--- GIVEN DATA Enclosed Below ---
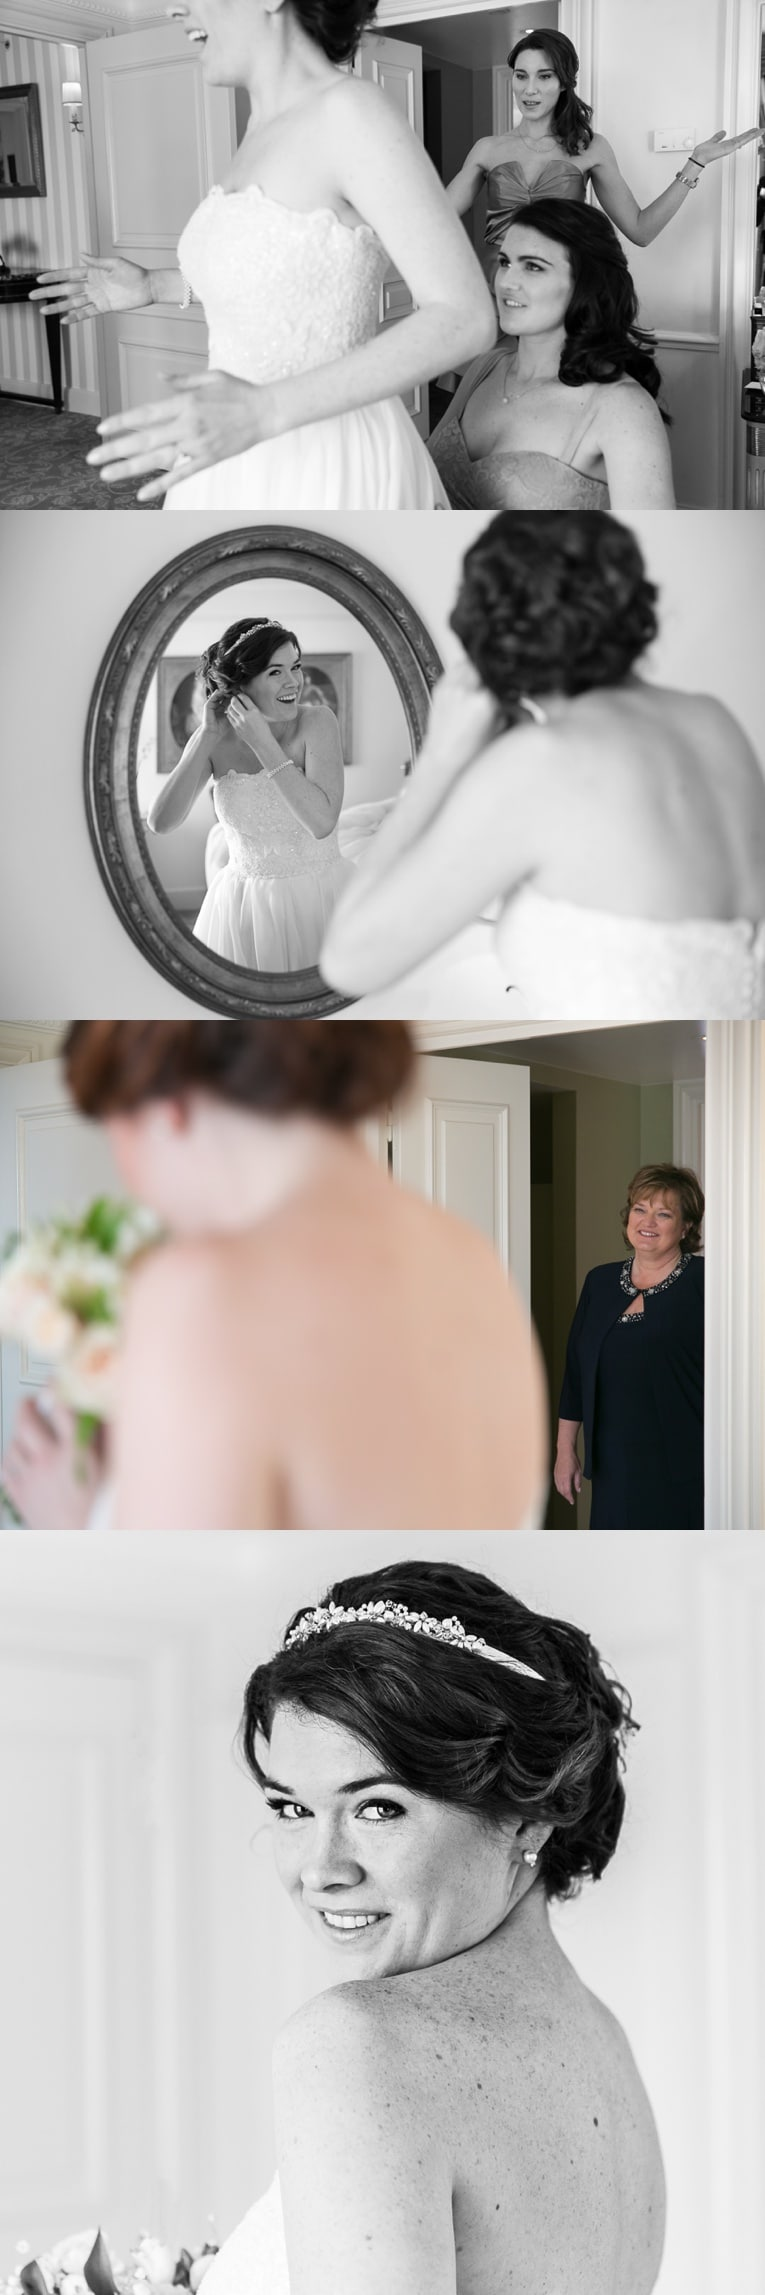 wedding-four-seasons-paris-02
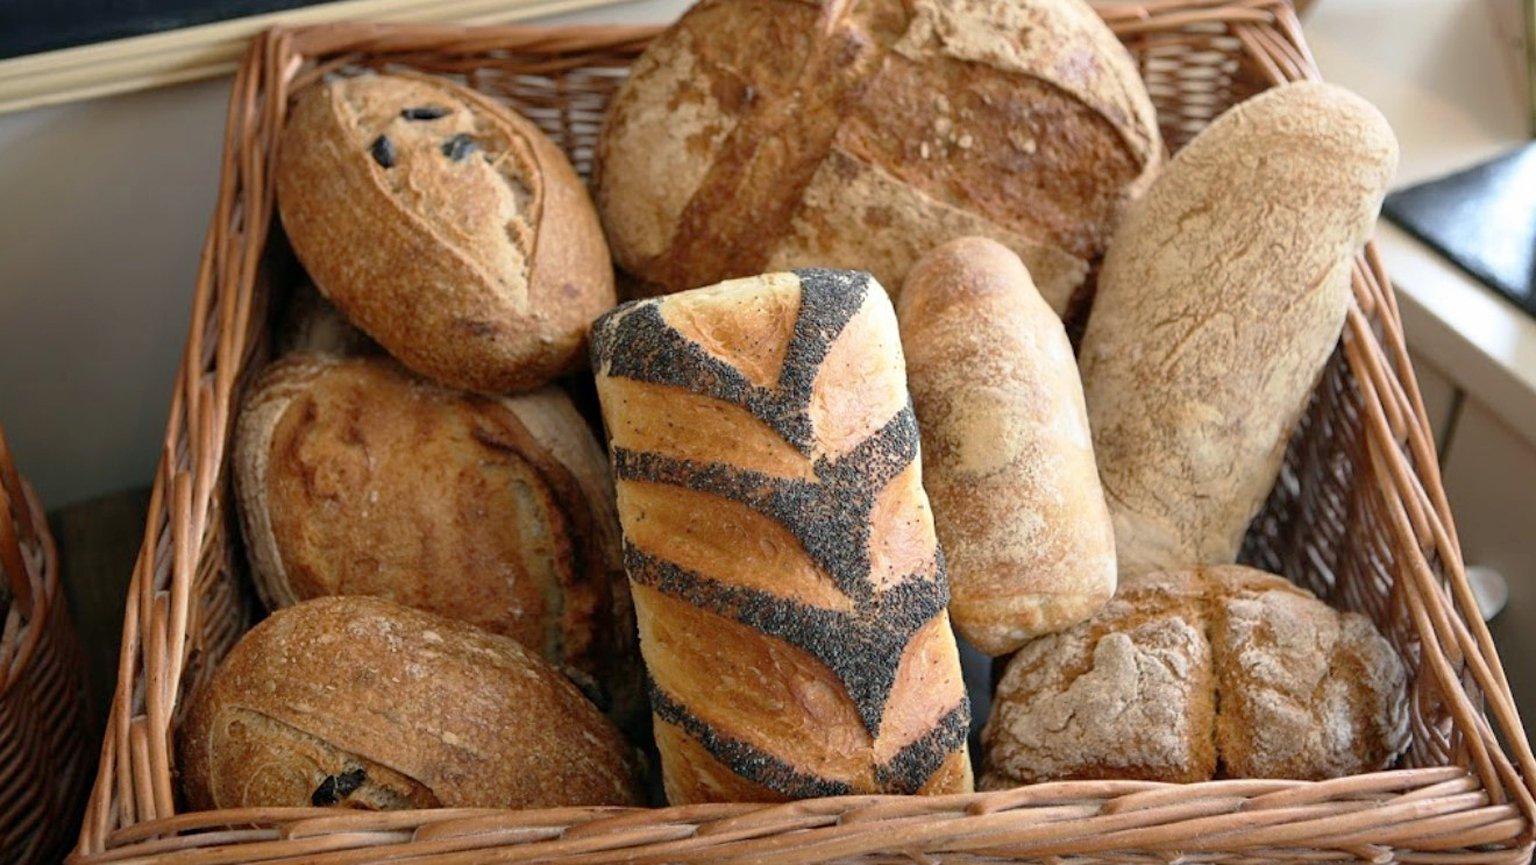 Holtwhites Bakery & Deli cover image
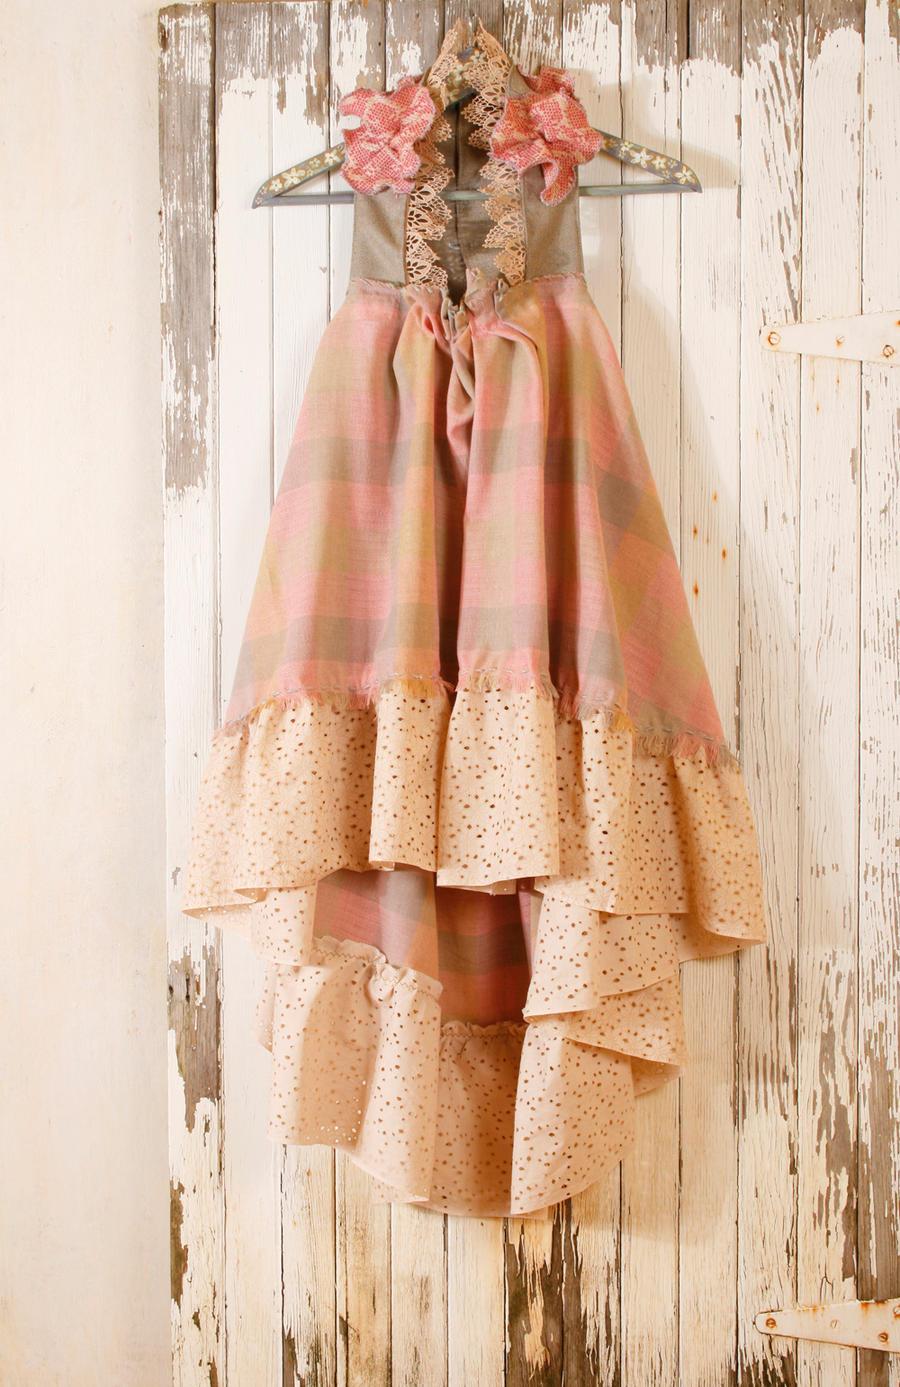 Shabby Chic Halter Dress In Pastel Gingham By Mynoush On
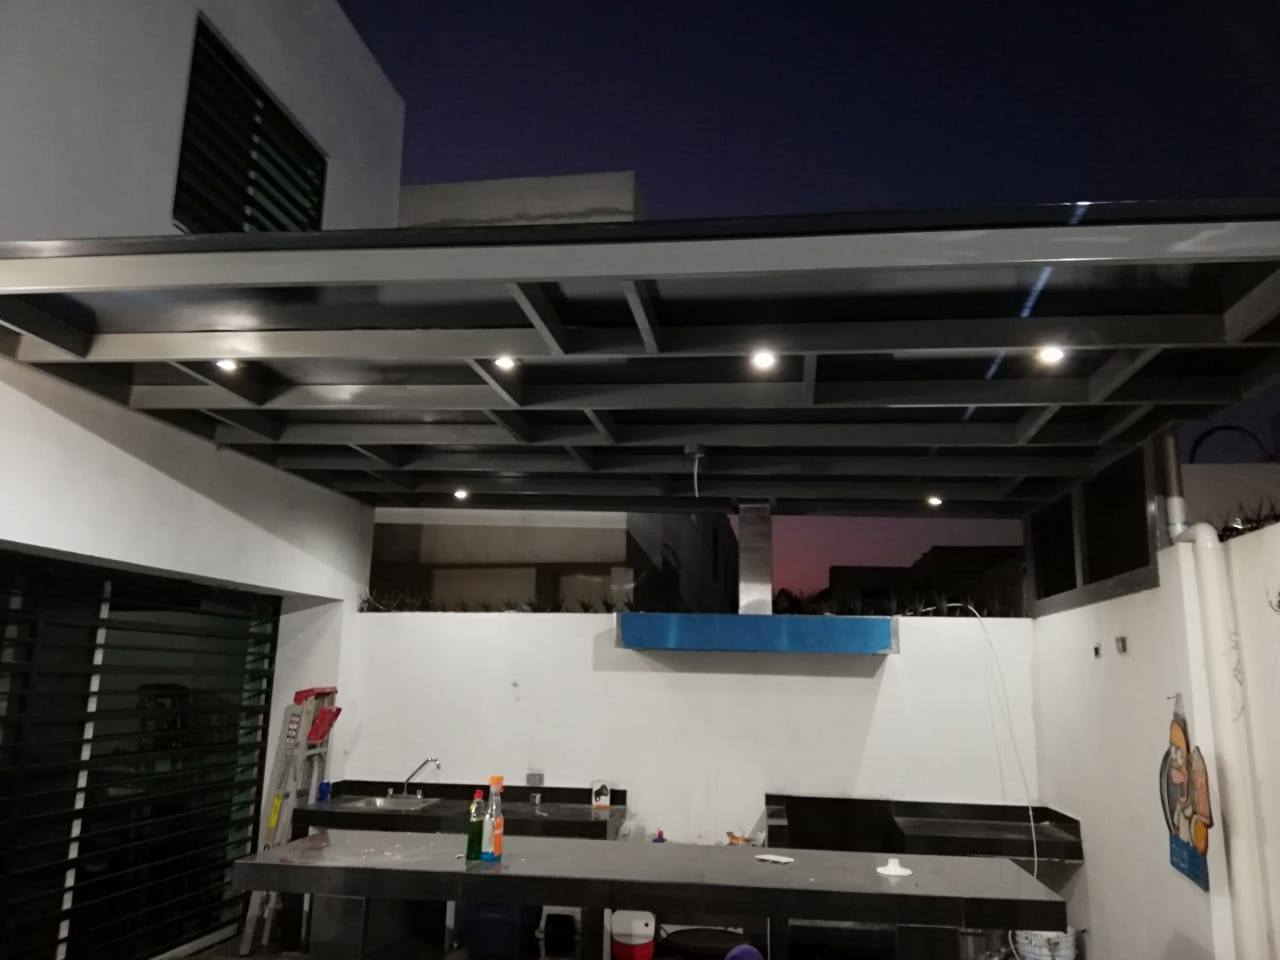 techo de policarbonato celular en patio
--- End of Enclosed GIVEN DATA ---
### TASK DIRECTIONS
Copy exactly, please, every line from the one holding "Shabby Chic Halter" through the last line of the data, both ends included, and no pictures.

### RESPONSE TO THIS TASK
 Shabby Chic Halter Dress In Pastel Gingham By Mynoush On
 techo de policarbonato celular en patio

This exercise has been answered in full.